Pancreas. 2023 Jan 1;52(1):e62-e69. doi: 10.1097/MPA.0000000000002225.
The pathogenesis of acute pancreatitis mainly involves NLRP3 inflammasome-mediated pancreatic cell injury, although regulators of this inflammasome machinery are still not fully identified. Membrane-associated RING-CH 9 (MARCH9) is a member of MARCH-type finger proteins, which regulates innate immunity through catalyzing polyubiquitination of critical immune factors. The aim of present research is to examine the function of MARCH9 in acute pancreatitis.

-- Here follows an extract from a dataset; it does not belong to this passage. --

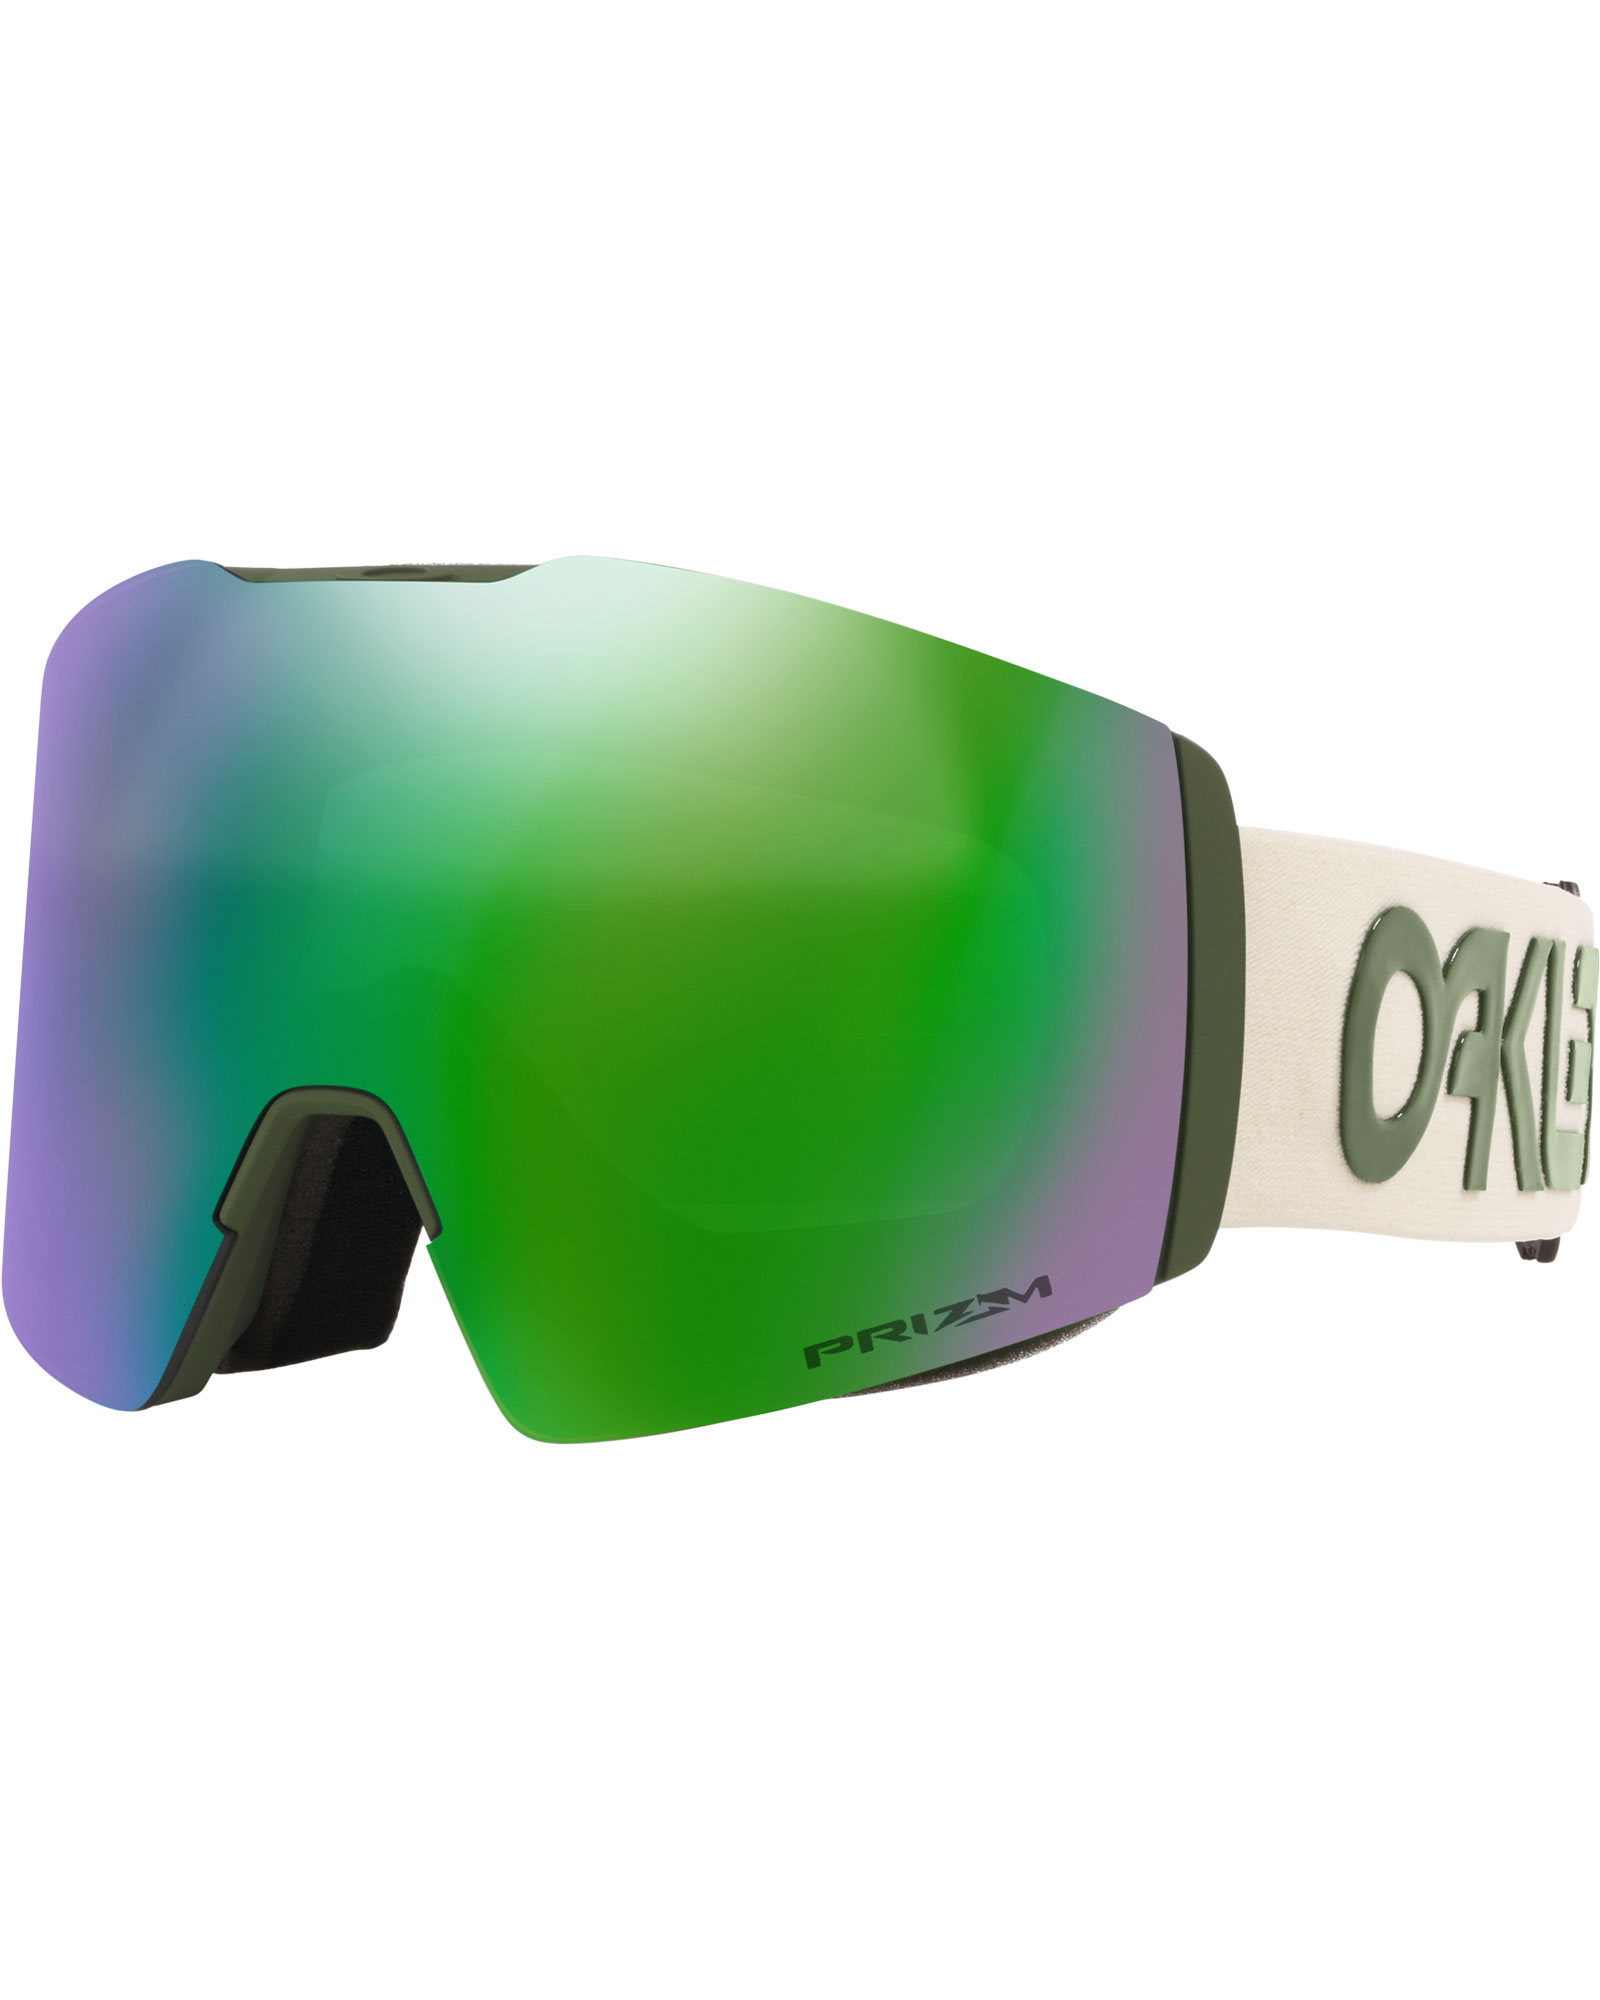 Oakley Fall Line XL Factory Pilot Dark Brush Grey / Prizm Jade Iridium Goggles 2020 / 2021 0

Cerulein-induced acute pancreatitis was established on pancreatic cell line AR42J and rat model. Reactive oxygen species (ROS) accumulation and NLRP3 inflammasome-dependent cell pyroptosis in pancreas were examined by flow cytometry.
MARCH9 was downregulated by cerulein, but overexpressing MARCH9 could inhibit NLRP3 inflammasome activation and ROS accumulation, thus suppressing pancreatic cell pyroptosis and mitigating pancreatic injury. We further uncovered that the mechanism underlying such an effect of MARCH9 is through mediating the ubiquitination of NADPH oxidase-2, whose deficiency reduces cellular ROS accumulation and inflammasome formation.
Our results suggested that MARCH9 suppresses NLRP3 inflammasome-mediated pancreatic cell injury through mediating the ubiquitination and degradation of NADPH oxidase-2, which compromises ROS generation and NLRP3 inflammasomal activation.
急性胰腺炎的发病机制主要涉及 NLRP3 炎性体介导的胰腺细胞损伤,尽管该炎性体机制的调节剂尚未完全确定。膜相关环指蛋白 9(MARCH9)是 MARCH 型手指蛋白的成员,通过催化关键免疫因子的多泛素化来调节先天免疫。本研究旨在研究 MARCH9 在急性胰腺炎中的作用。
在胰腺细胞系 AR42J 和大鼠模型上建立了胆酸钠诱导的急性胰腺炎。通过流式细胞术检测胰腺中活性氧(ROS)的积累和 NLRP3 炎性体依赖性细胞焦亡。
胆酸钠下调了 MARCH9,但过表达 MARCH9 可以抑制 NLRP3 炎性体的激活和 ROS 的积累,从而抑制胰腺细胞焦亡和减轻胰腺损伤。我们进一步发现,MARCH9 发挥这种作用的机制是通过介导 NADPH 氧化酶-2 的泛素化,其缺失减少了细胞内 ROS 的积累和炎性体的形成。
我们的结果表明,MARCH9 通过介导 NADPH 氧化酶-2 的泛素化和降解来抑制 NLRP3 炎性体介导的胰腺细胞损伤,从而影响 ROS 的产生和 NLRP3 炎性体的激活。